Retrieval-augmented generation (RAG) is an architecture pattern that grounds LLM responses in external, up-to-date knowledge. Instead of relying solely on the model's training data, RAG systems retrieve relevant documents from a knowledge base and inject them into the prompt as context, enabling the model to generate responses informed by specific, verifiable information.
The RAG pipeline has three stages. First, the retrieval stage takes the user's query and searches a knowledge base — typically a vector database containing embedded documents — to find the most semantically relevant passages. Second, the augmentation stage formats the retrieved documents and inserts them into the prompt alongside the user's query. Third, the generation stage sends the augmented prompt to the LLM, which produces a response grounded in the retrieved context.
RAG solves several fundamental LLM limitations.

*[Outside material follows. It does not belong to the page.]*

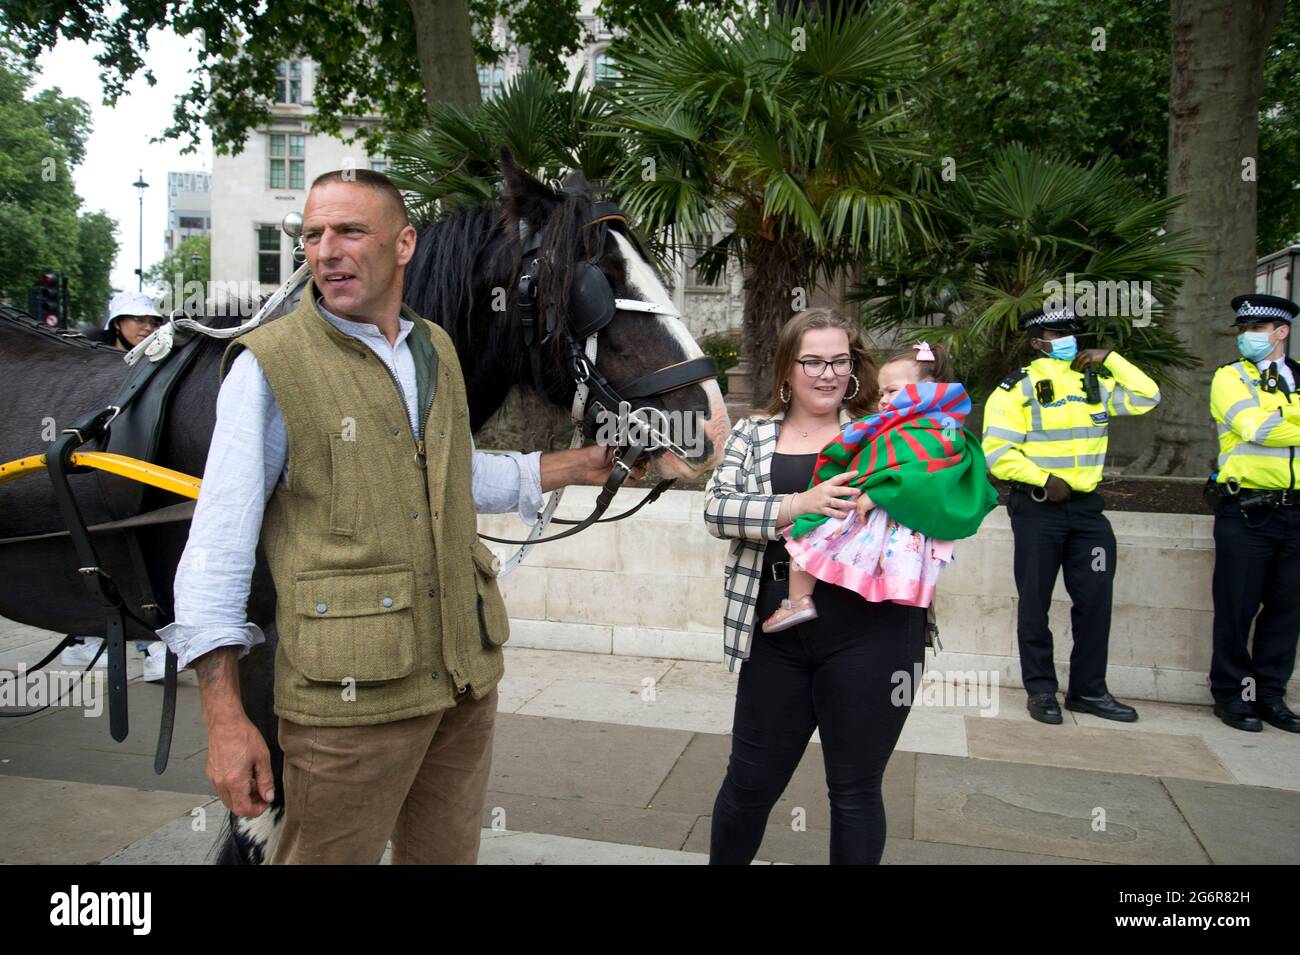 Kill the Bill. Gypsy, Roma and traveller communities protest in Parliament Square against the new policing bill before Parliament. Stock Photo

It addresses knowledge cutoff by providing access to information beyond the model's training date. It reduces hallucinations by grounding responses in verifiable source material. It enables domain-specific expertise without fine-tuning by injecting specialized documents at query time.
The quality of a RAG system depends heavily on the retrieval component. Chunking strategy — how documents are split into searchable passages — affects whether relevant information is found. Embedding model selection impacts semantic search accuracy. Re-ranking algorithms can improve precision by reordering retrieved results before they enter the prompt.
Prompt design is critical in RAG systems. The system prompt must instruct the model to base its responses on the provided context, cite sources when possible, and acknowledge when the retrieved documents don't contain sufficient information to answer the question. Managing the context window budget between retrieved documents and the rest of the prompt requires careful optimization.